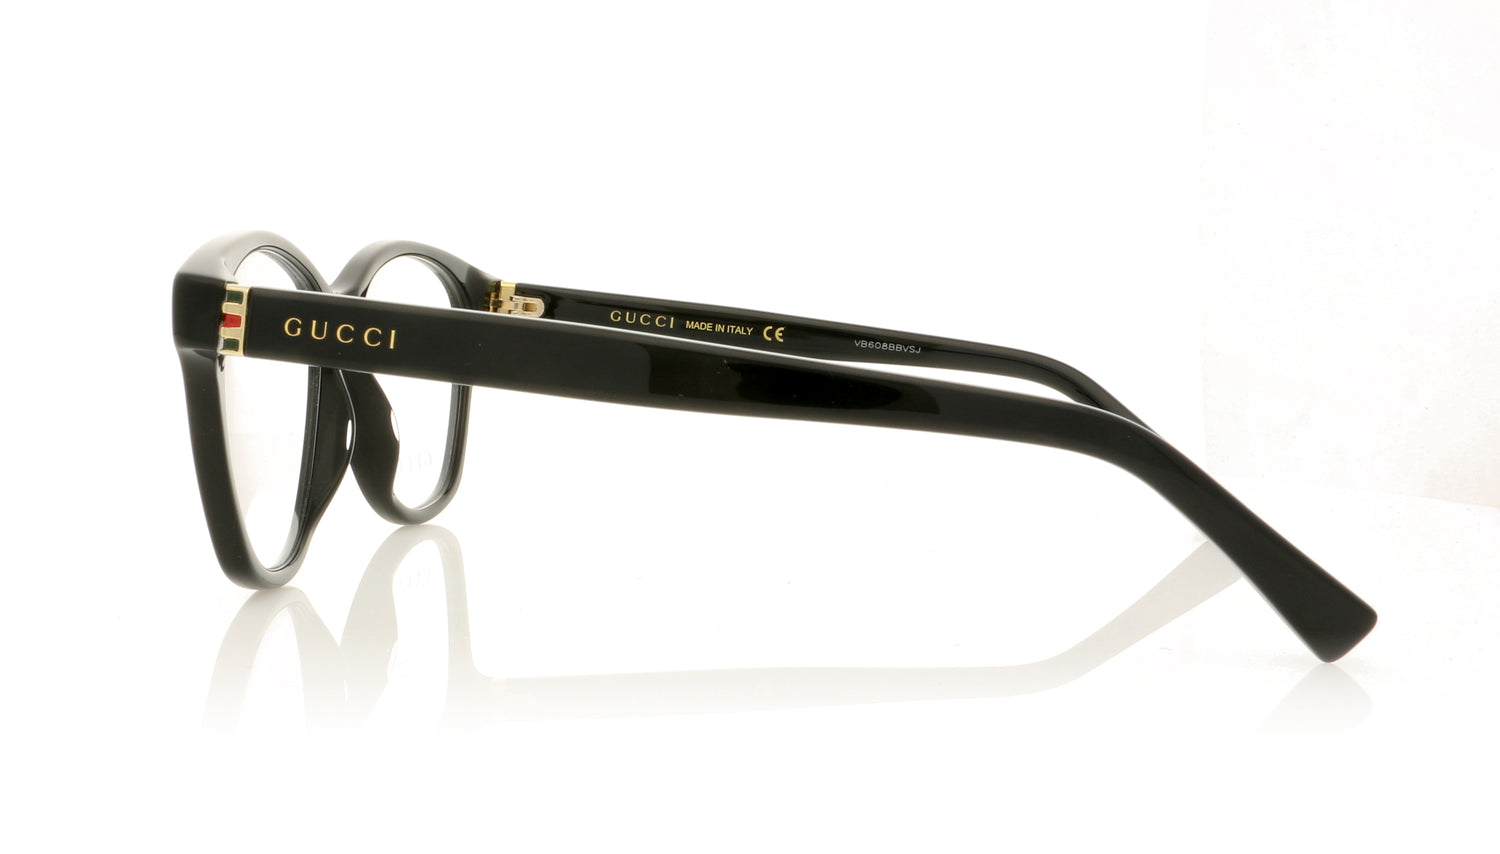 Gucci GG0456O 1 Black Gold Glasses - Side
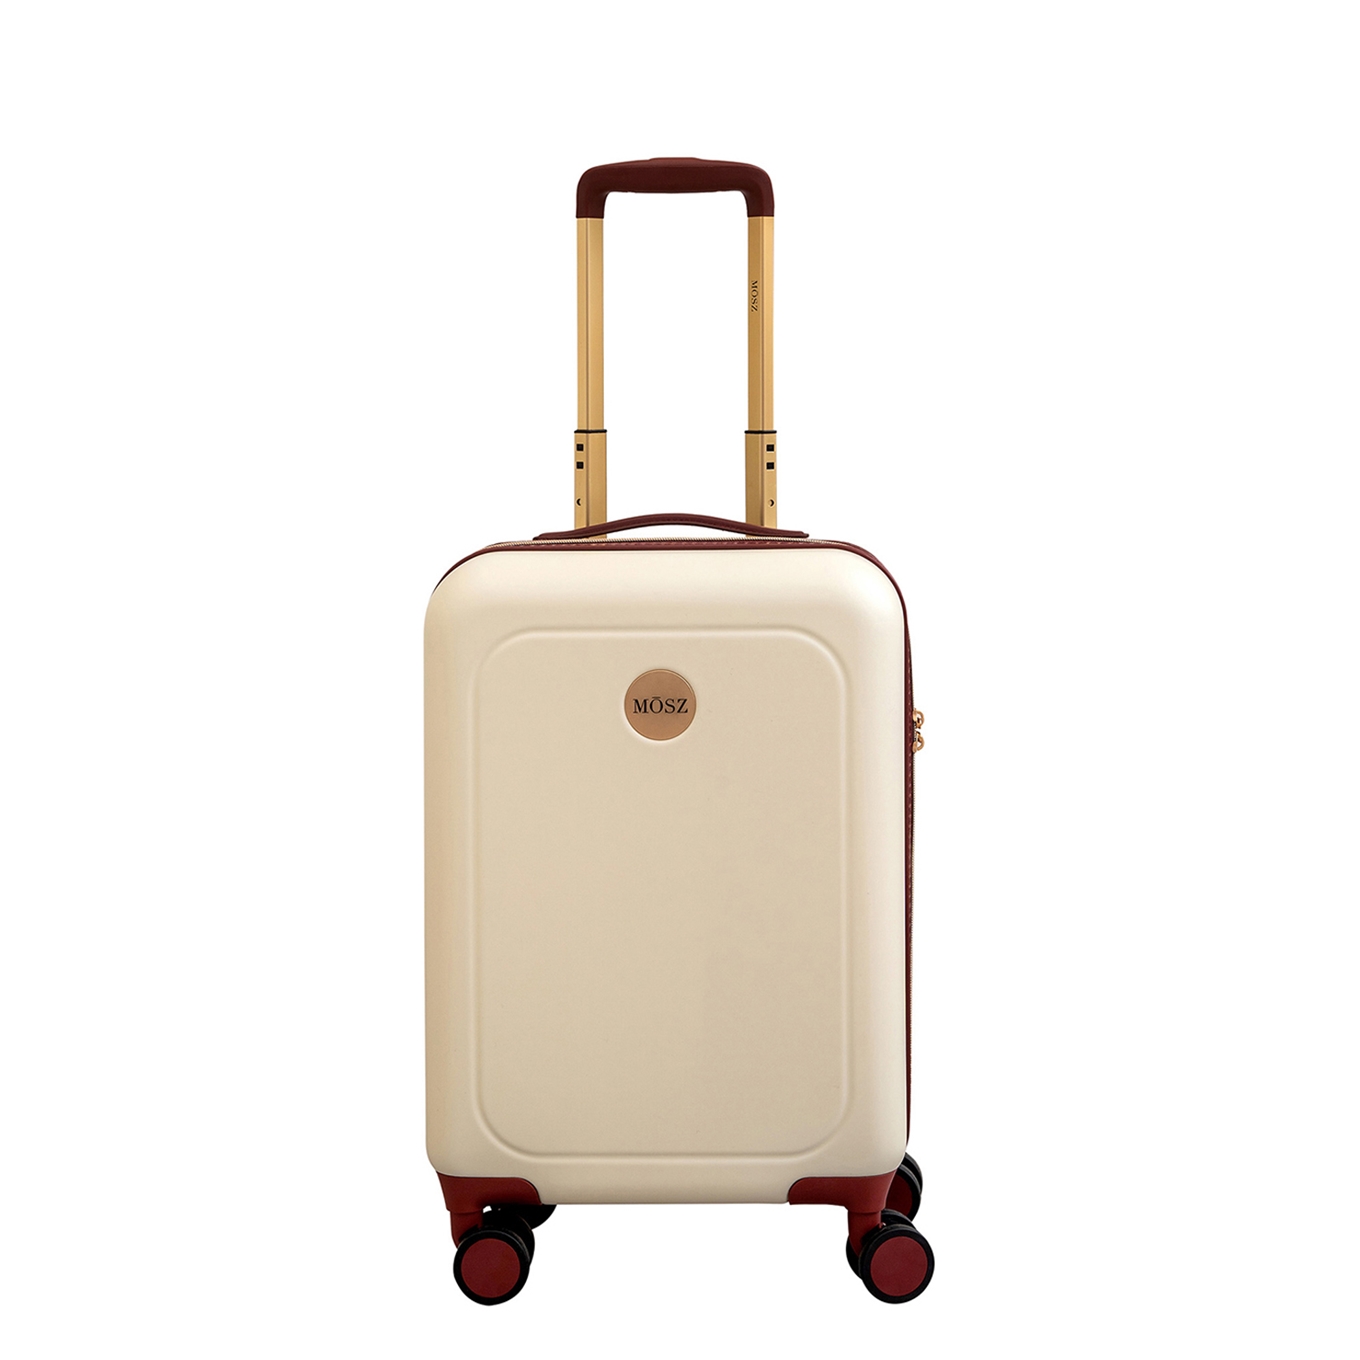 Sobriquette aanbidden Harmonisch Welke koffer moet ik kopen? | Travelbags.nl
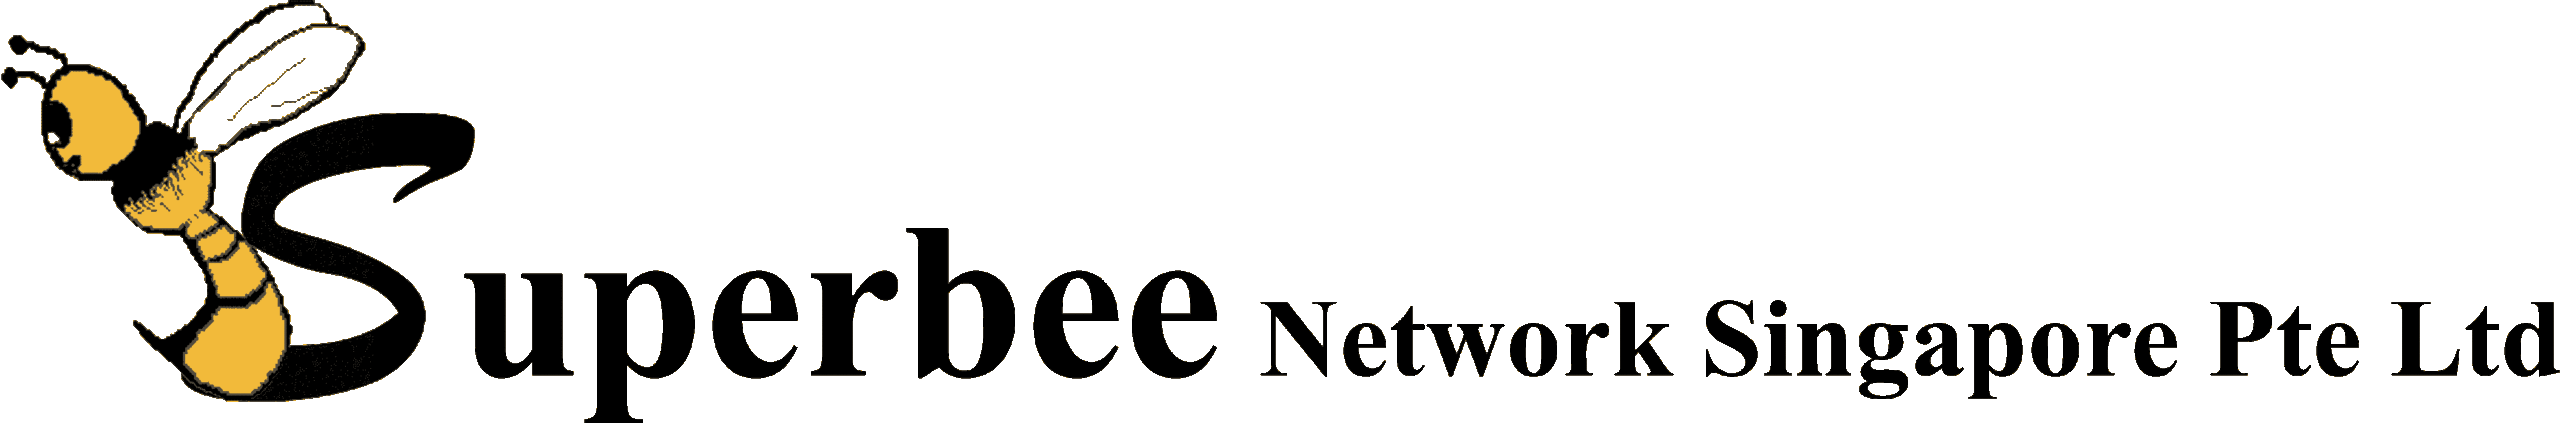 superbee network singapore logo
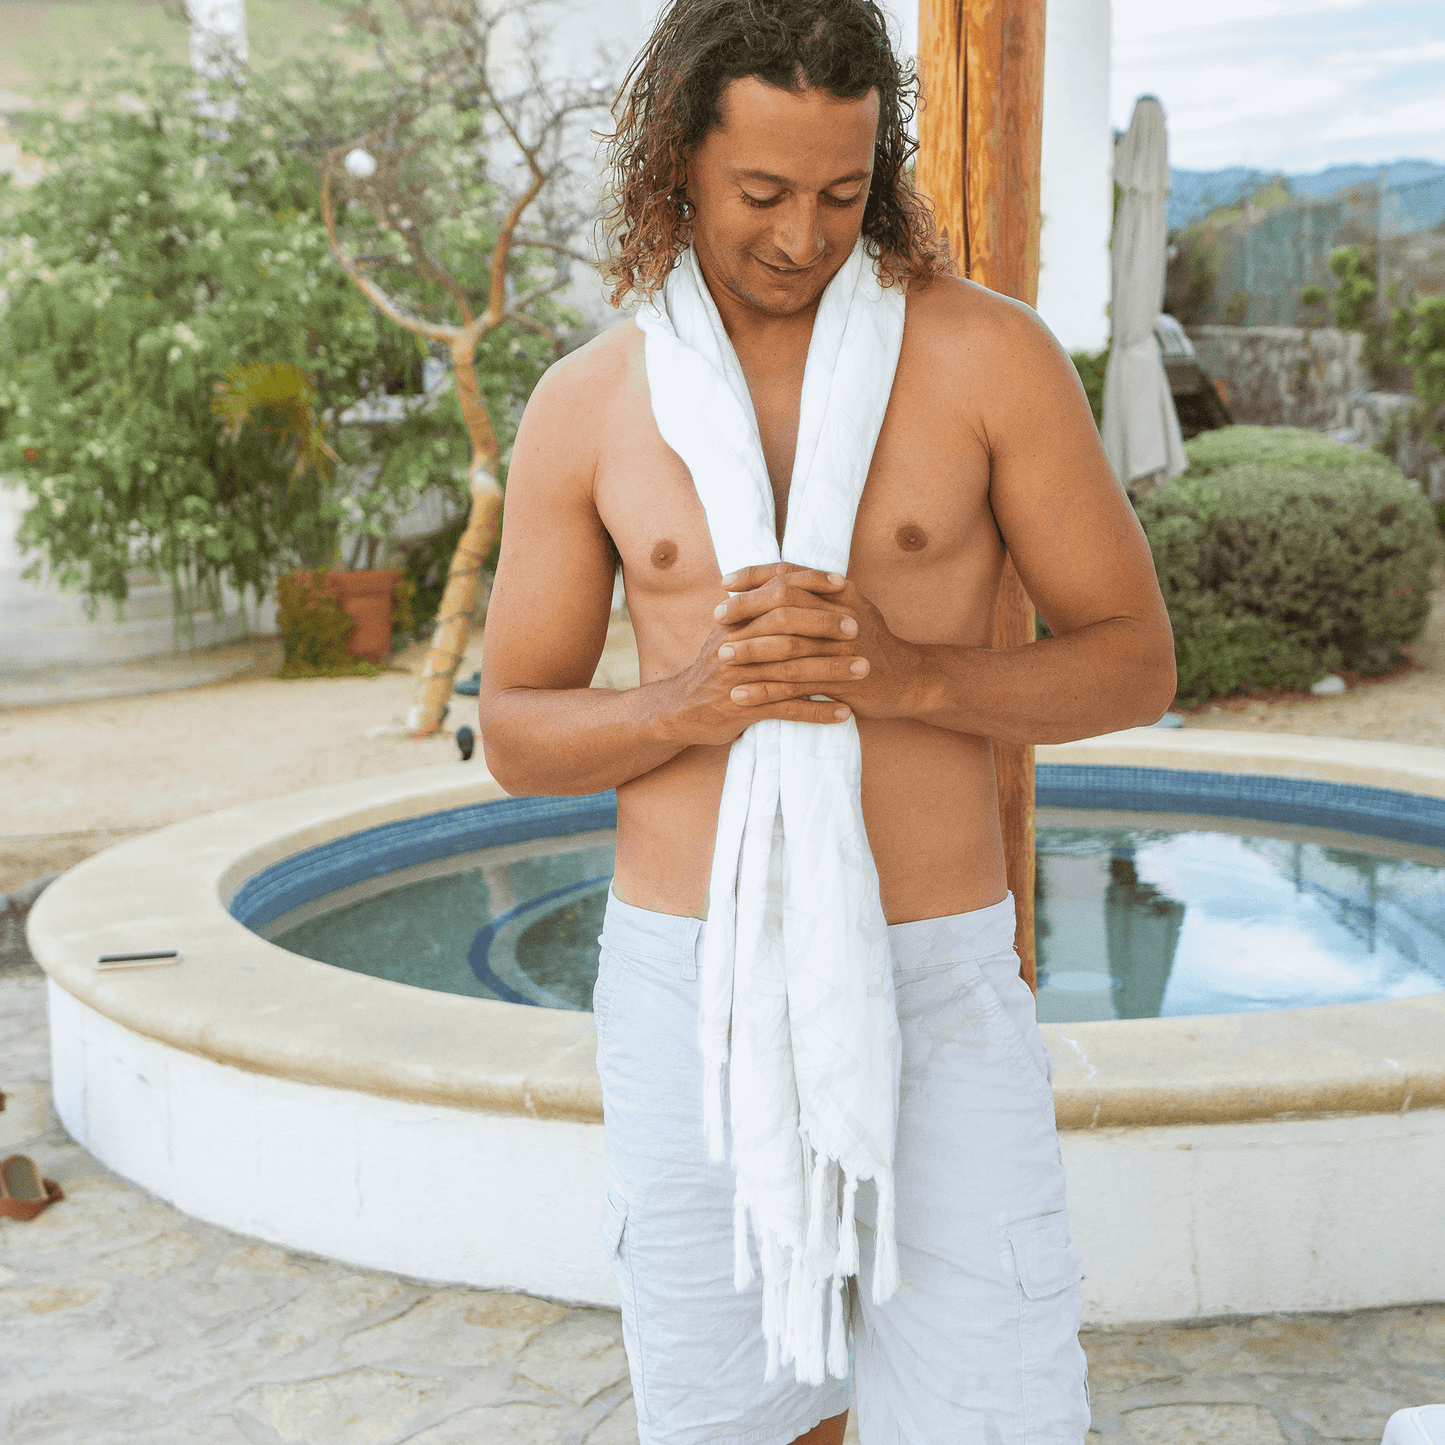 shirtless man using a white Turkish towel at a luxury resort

| EXERCISE |
Transcribe word for word only the lines from the one with "Sobriquette aanbidden Harmonisch" through the end of the listing; every picture is to be omitted.

| SOLUTION TO THIS EXERCISE |
 Sobriquette aanbidden Harmonisch Welke koffer moet ik kopen? | Travelbags.nl
 superbee network singapore logo
 shirtless man using a white Turkish towel at a luxury resort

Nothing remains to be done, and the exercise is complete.